- **Task goal**: Please reproduce the lines of the records below from the one holding "Spain, Ibiza, Cala" through the one holding "Shop Instyledesign Regal", inclusive, skipping all pictures.

- **Data to use**:
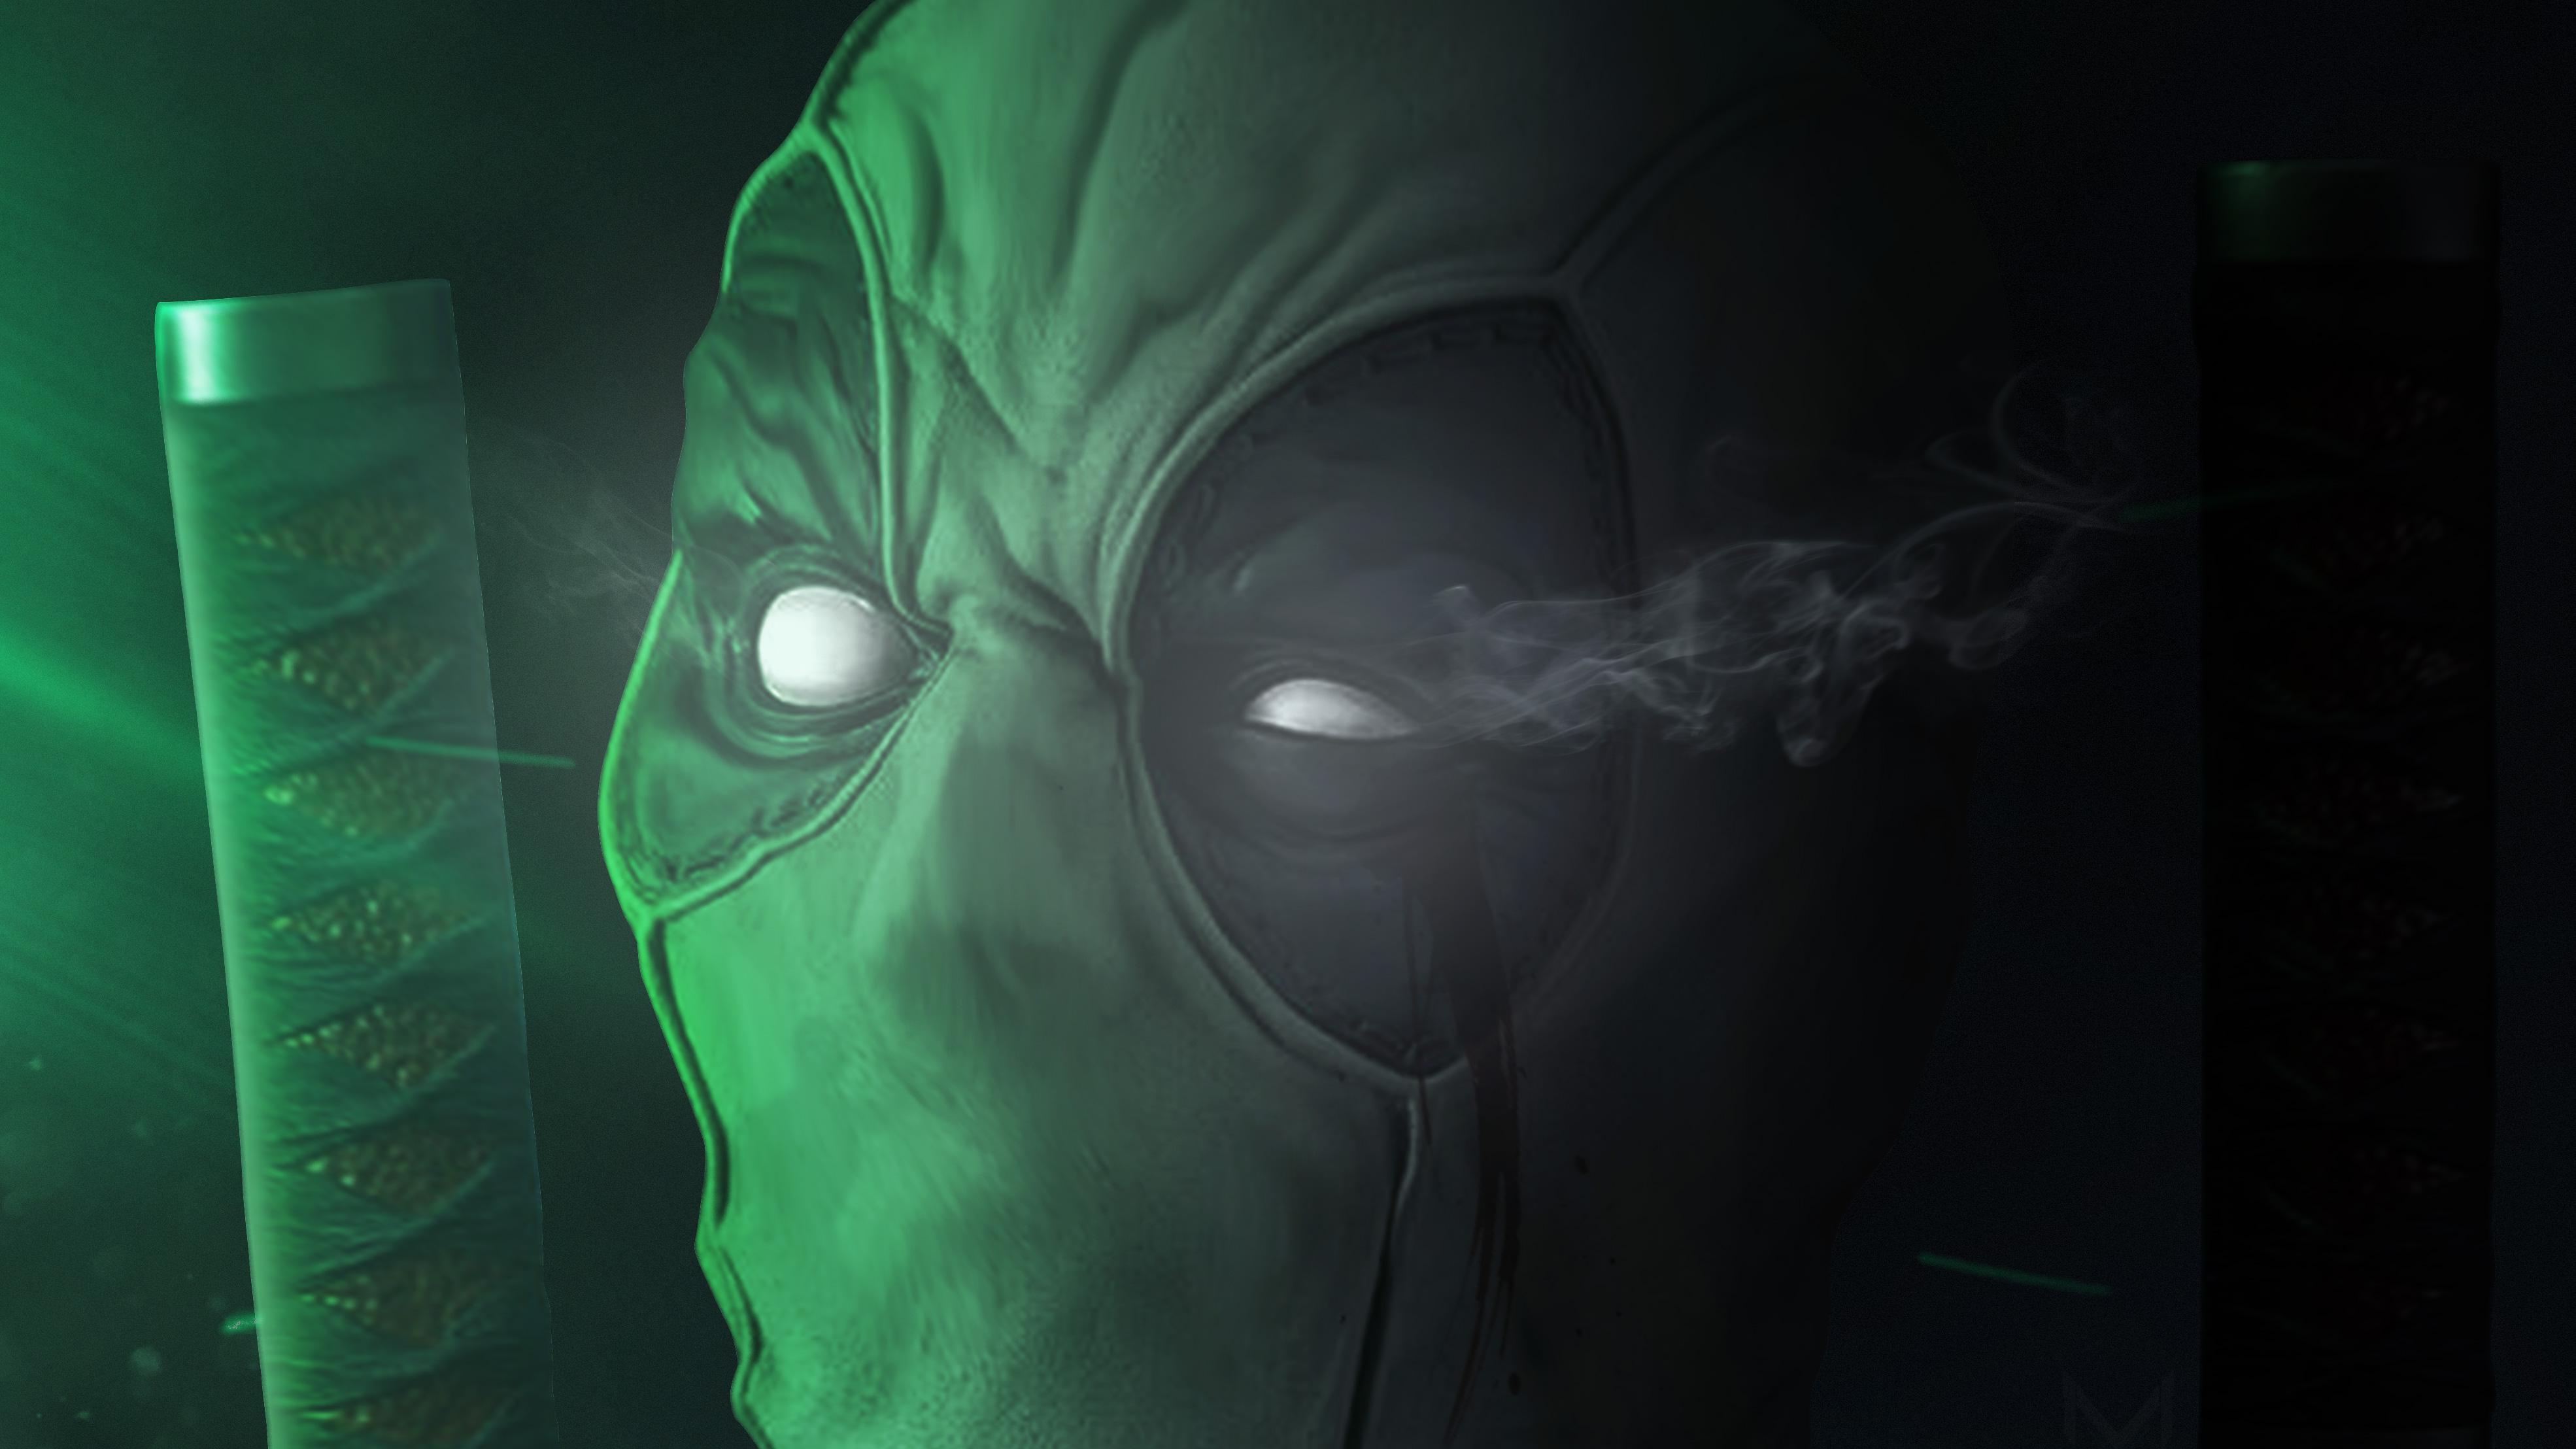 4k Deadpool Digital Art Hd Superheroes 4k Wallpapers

---

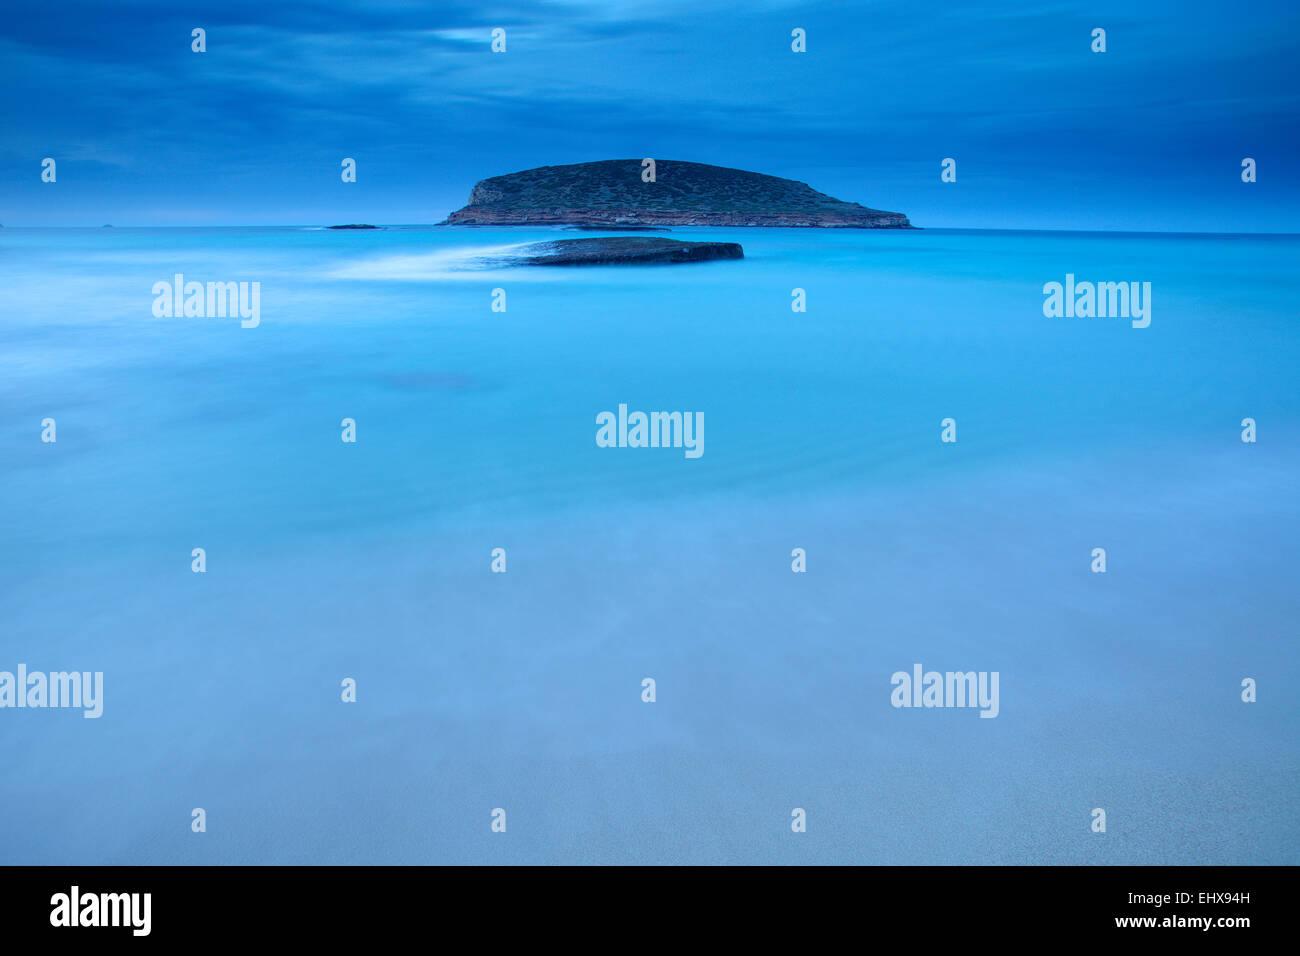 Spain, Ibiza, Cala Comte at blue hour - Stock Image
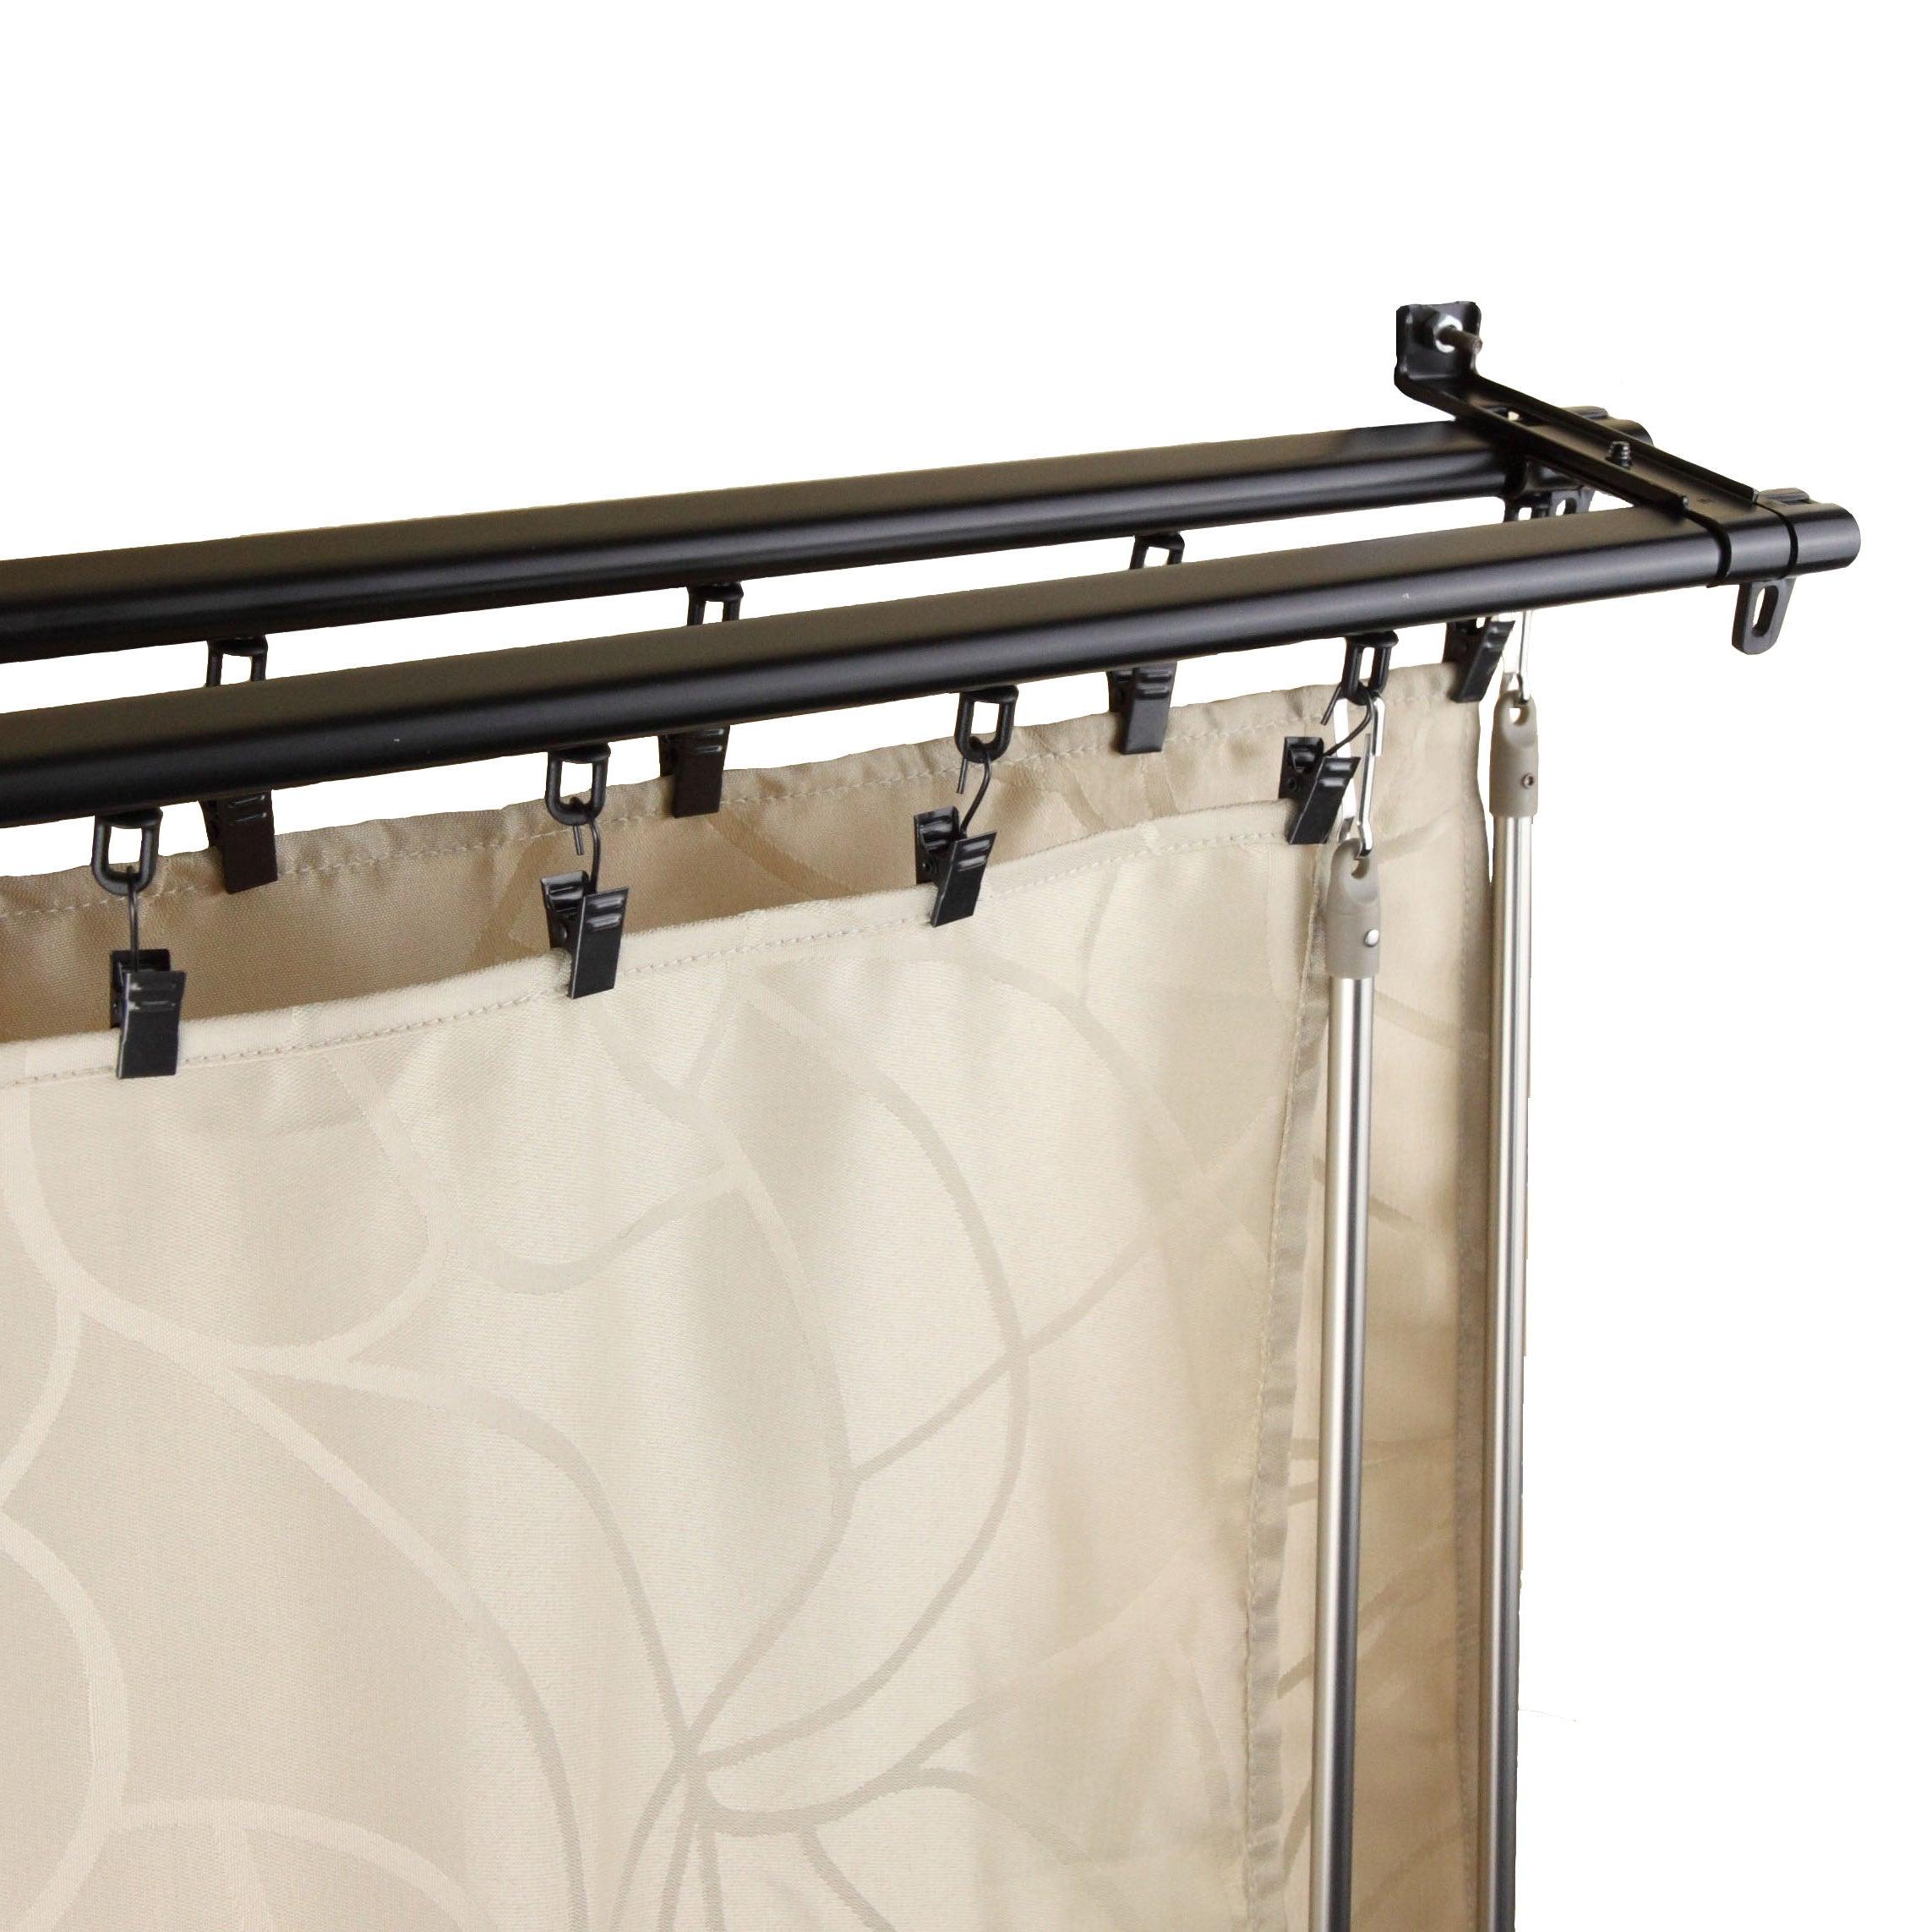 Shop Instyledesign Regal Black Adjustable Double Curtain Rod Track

- **Solution to the exercise**:
 Spain, Ibiza, Cala Comte at blue hour - Stock Image
 Shop Instyledesign Regal Black Adjustable Double Curtain Rod Track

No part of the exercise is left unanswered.